Once that transformation takes place, the rendering behavior is
*exactly* the same as if those characters were in the original
document source.

>    - other languages may have other notions of text-transform. For
>      example, Wikipedia notes that:
>
>        Also similar to case is recent usage in Georgian, where some
>        authors use isolated letters from the Asomtavruli alphabet
>        within a text otherwise written in Mkhedruli in a fashion that
>        is reminiscent of modern usage of letter case in the Latin,
>        Greek, and Cyrillic alphabets.
>
>        http://en.wikipedia.org/wiki/Letter_case
>
>      Should we add the "mkhedruli-to-asomtavruli" value? Perhaps. Or
>      not. Do we discriminate against authors in Georgia if we don't?
>      Perhaps. Or not. We used to have these discussions for
>      'list-style-type': what level of use warrants a new keyword value?
>      Then we discovered that we could add a mechanisms so that authors
>      could define their own mappings:
>
>        http://www.w3.org/TR/2007/WD-css3-gcpm-20070504/#named2
>        http://dev.w3.org/csswg/css3-lists/#counter-style

Yes, but even though we defined a mapping mechanism, we still have
predefined keywords for the more common (or perhaps, "less obscure")
cases. If text transformation becomes a list-style-type case study,
where we have many scripts requesting transform maps, then we can
look into creating a generic system and redefine the existing
keywords in terms of that system. But I don't think we're there yet
(personally I doubt we'll get there), and if/when we get there, we
can underlay such a system, just as we did with list-style-type.
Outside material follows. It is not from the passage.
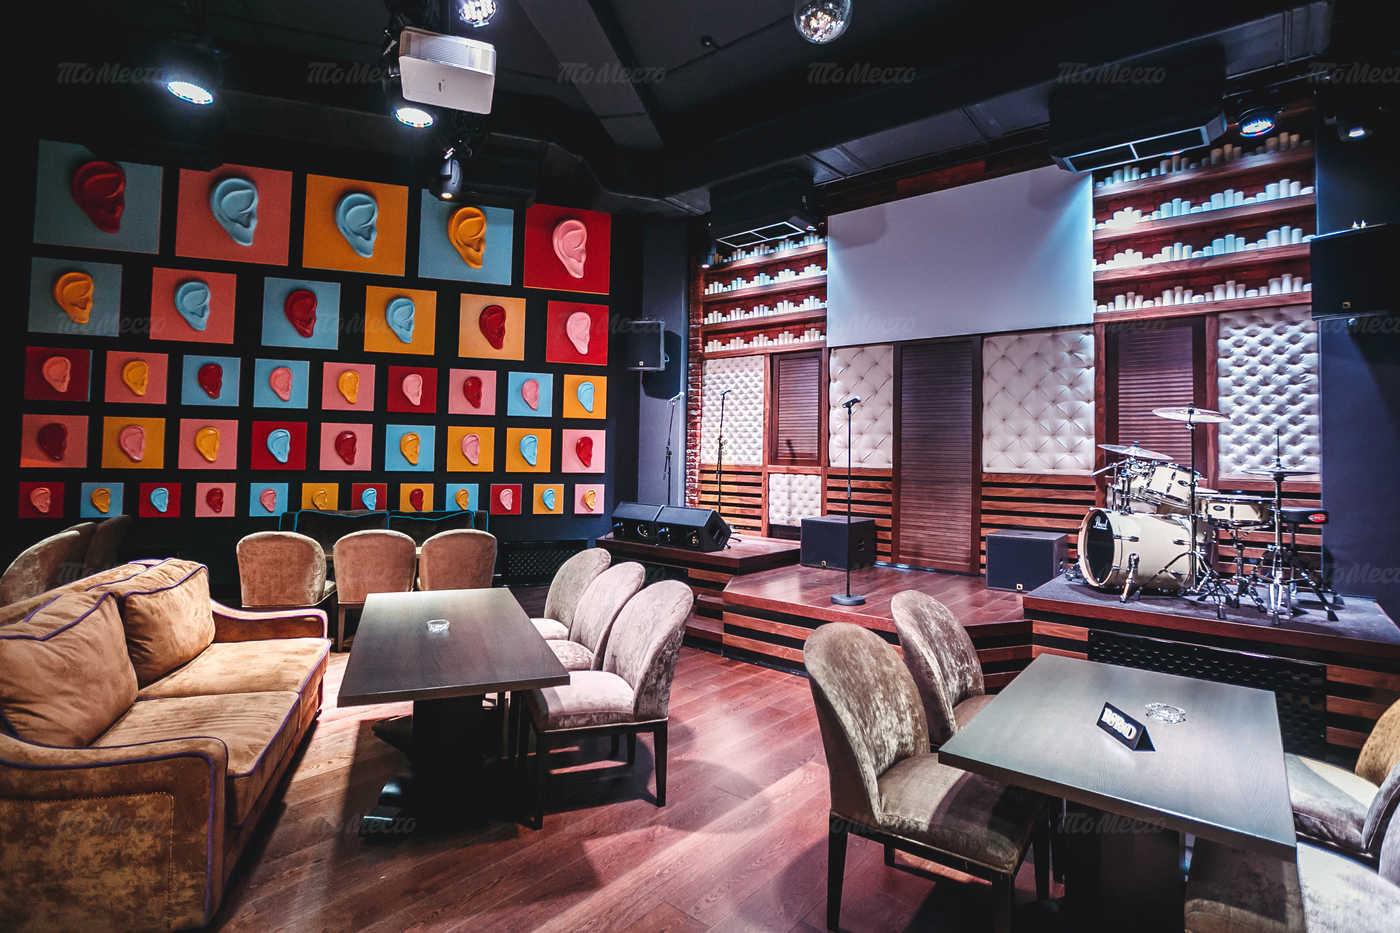 Меню бара, караоке клуба Karaoke Studio (Караоке студио) на улице Черняховского

>    - the 'fullwidth' value doesn't feel like a text transformation to
>      me. It's more like a 'font-family: monospace' no? Or something
>      else.

It's not really like "font-family: monospace". It looks a bit like that,
but a) there is no change in font (ideally, depends on glyph availability)
     b) there is a change in line breaking behavior associated with the
        code point transformation
     c) there is a change in text orientation behavior associated with
        the code point transformation

(Basically, the fullwidth characters, in addition to take up the space of
an ideographic character, also behave like ideographs rather than Latin
characters in terms of their layout behavior.)

>    - adding new values to existing properties decrease
>      interoperability; we can't avoid it, but other options should be
>      sought

I don't think this is necessarily true. Yes, you can construe cases in
which interoperability is compromised, but in reality, I can't think of
this being a real problem for the set of values here. Also, adding new
values makes it *very easy* to provide fallback behavior:

   text-transform: uppercase;
   text-transform: uppercase fullwidth;

> Therefore I suggest we:
>
>    - add the proposed note/issue to the draft

Done.

>    - consider adding a generic mechanism for glyph transforms. The tr///
>      operator in Perl could give us inspiration without taking us all
>      the way to regular expressions. For example, we could have:
>
>         text-transform-range: "'" "’", "a-z" "\FF41-\FF5A"'

text-replace take II? :-)

>    - consider if the glyph substitutions in question can be described
>      in other languages. For example, I believe that Opentype Features
>      can be used to describe the mappings in question, no?

No. See above.

>    - consider moving "fullsize-kana" to Ruby-centric specification.

I don't think this is a good idea. Presumably we would also move
font-variant: ruby to the Ruby spec. But the Ruby spec is really about
layout mechanisms. Ruby-associated styling that falls under different
scopes should be kept with those scopes. We can have cross-linking and
examples, of course. But I think that splitting up the values of a
property according to their use cases rather than according to their
behavior is not a good way to organize a technology spec.

>    - consider the relationship between "fullwidth" an the generic font
>      families

I don't think "fullwidth" relates to generic font families at all. It
may relate to some OpenType features, however, and this could be
something to investigate.

~fantasai

Received on Wednesday, 6 April 2011 21:26:45 UTC